Haig H. Kazazian, Jr.

Kazazian, a scientist in the field of genetic medicine, was born in Toledo, Ohio. He received his A.B. from Dartmouth College in 1959 before attending the Dartmouth Medical School. Kazazian transferred to the Johns Hopkins University School of Medicine in 1960, and received his M.D. in 1962. Kazazian completed an internship in 1963 and an assistant residency in pediatrics in 1964 from the University of Minnesota Hospitals. In 1964, he returned to Johns Hopkins for a postdoctoral fellowship in genetics in the department of pediatrics. In 1966, Kazazian was named a staff associate at the United States Public Health Service, National Institute of Arthritis and Metabolic Diseases, Laboratory of Molecular Biology. In 1968, he again returned to Johns Hopkins where he completed a one-year senior residency in pediatrics on the Harriet Lane service before being named a Royal Society of Medicine Foundation Fellow at the MRC Laboratory of Molecular Biology in Cambridge, England in 1970.

In 1969, Kazazian was appointed assistant professor of pediatrics at the Johns Hopkins University School of Medicine. In 1973, he was named director of the John F. Kennedy Institute Tay-Sachs Screening Program. In 1974, he was promoted to associate professor of pediatrics and appointed a member of the medical staff of the John F. Kennedy Institute. In 1977, Kazazian was named director of the genetics unit in the department of pediatrics and promoted to full professor. In 1978, he was appointed director of the Prenatal Diagnostic Center at The Johns Hopkins Hospital and in 1979 was appointed professor of biology at the Johns Hopkins University School of Arts and Sciences. Kazazian was named professor of obstetrics in 1985, professor of medicine in 1989, and was appointed director of the Center for Medical Genetics at Johns Hopkins. In 1991, he was appointed Sutland Professor of Pediatric Genetics. In 1994, Kazazian left Johns Hopkins to become the Seymour Gray Professor of Molecular Medicine in Genetics and chairman of the department of genetics at the University of Pennsylvania. He held this position until his retirement in 2010, when he returned to Johns Hopkins as professor of pediatrics in the McKusick-Nathans Institute of Genetic Medicine.

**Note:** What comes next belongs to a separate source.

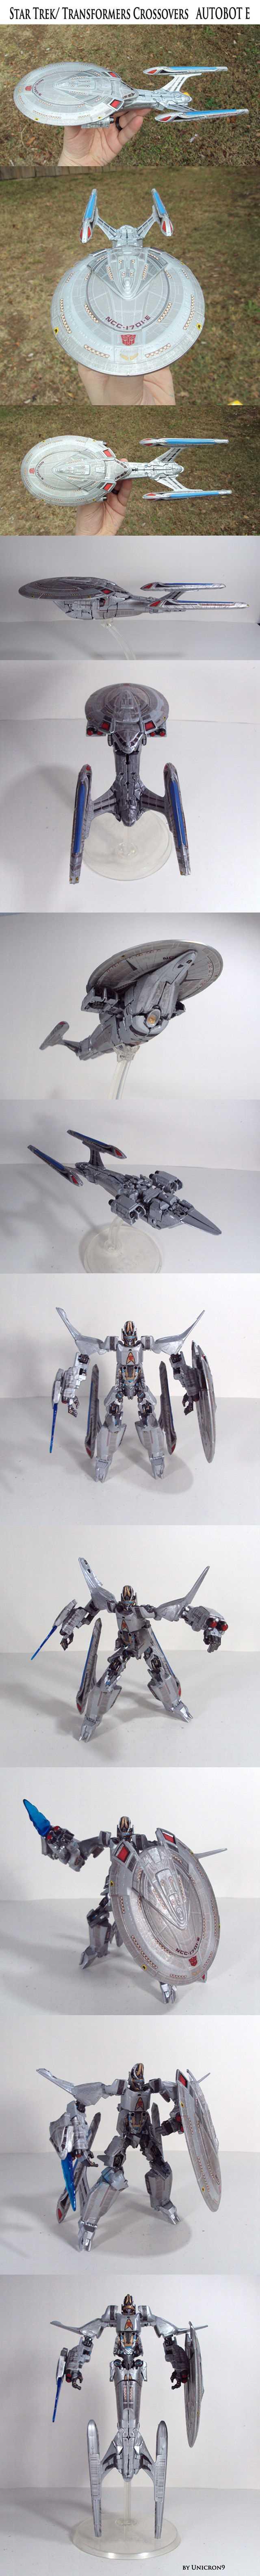 uss-enterprise-transformer
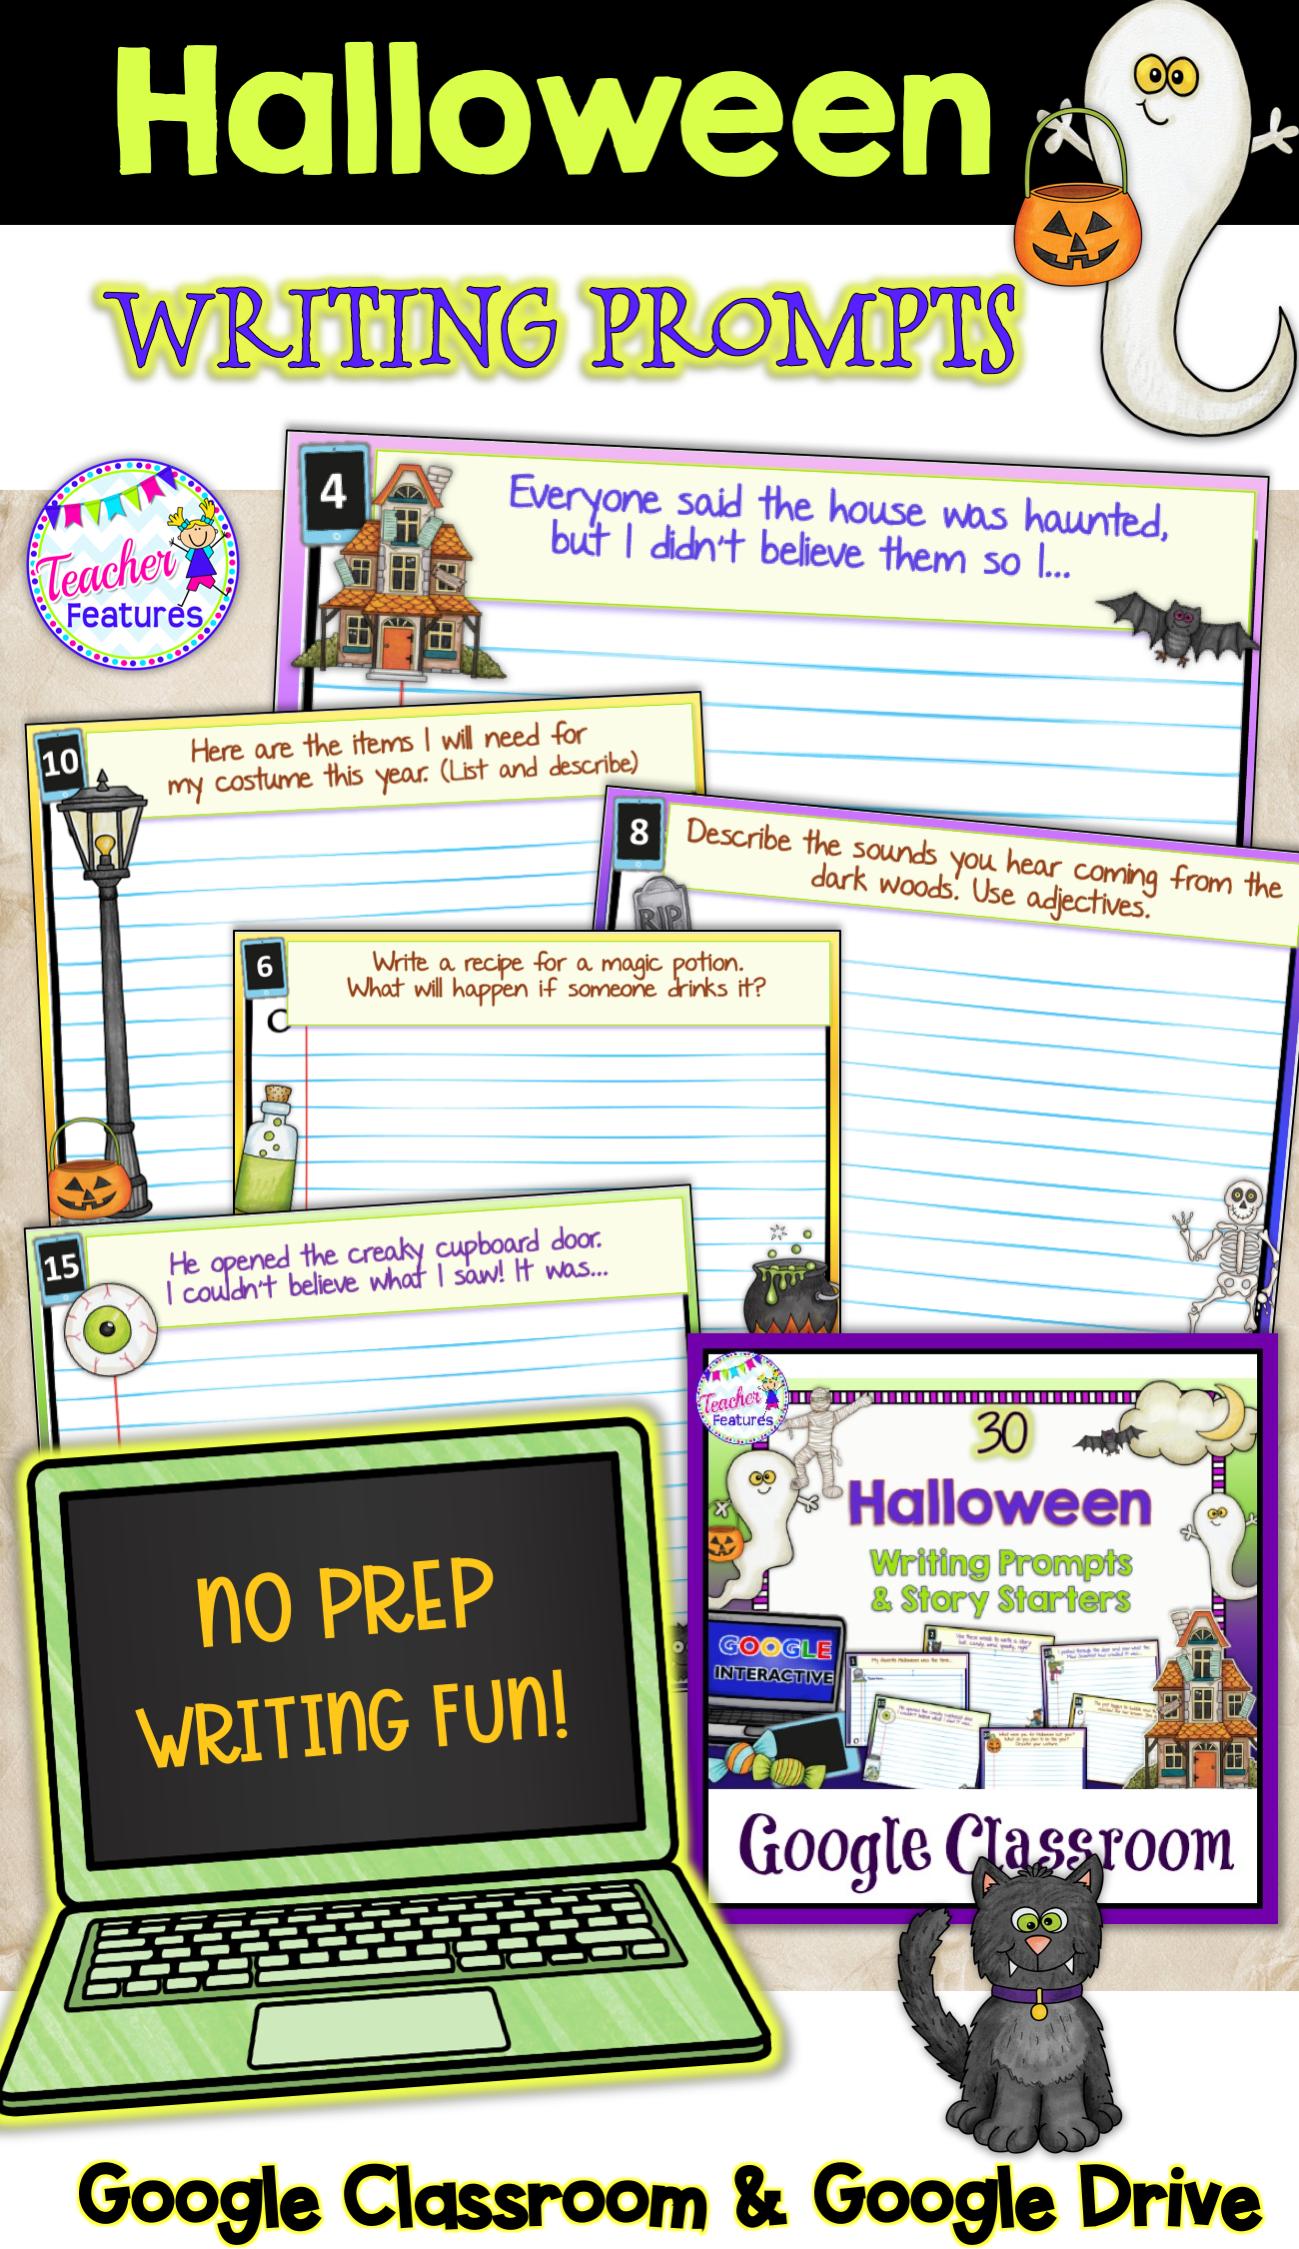 Classroom Halloween Digital Writing Prompts

Kazazian was a leader in the application of molecular methods to human genetics. His early work included characterizing mutations that cause beta-thalassemia, a common disorder of inadequate production of hemoglobin. He established the first DNA diagnostic laboratory in the United States at Johns Hopkins and was instrumental in discovering the first example of disease-causing mutations resulting from “jumping genes,” or transposons, while studying hemophilia. In 1999, Kazazian and University of Pennsylvania colleague Arupa Ganguly were among the first plaintiffs in the case that resulted in the 2013 Supreme Court ruling that companies cannot patent parts of naturally occurring human genes.

During his career, Kazazian published over 400 peer-reviewed journal articles and a book, Mobile DNA: Finding Treasure in Junk. Scores of scientists trained in Kazazian’s laboratory, including more than twenty-five postdoctoral students. Among his numerous awards, Kazazian received the William Allan Award from the American Society of Human Genetics and the Murray Thelin Award for Research in Hemophilia. He was a member of the National Academy of Sciences, the National Academy of Medicine, and the American Academy of Arts and Sciences.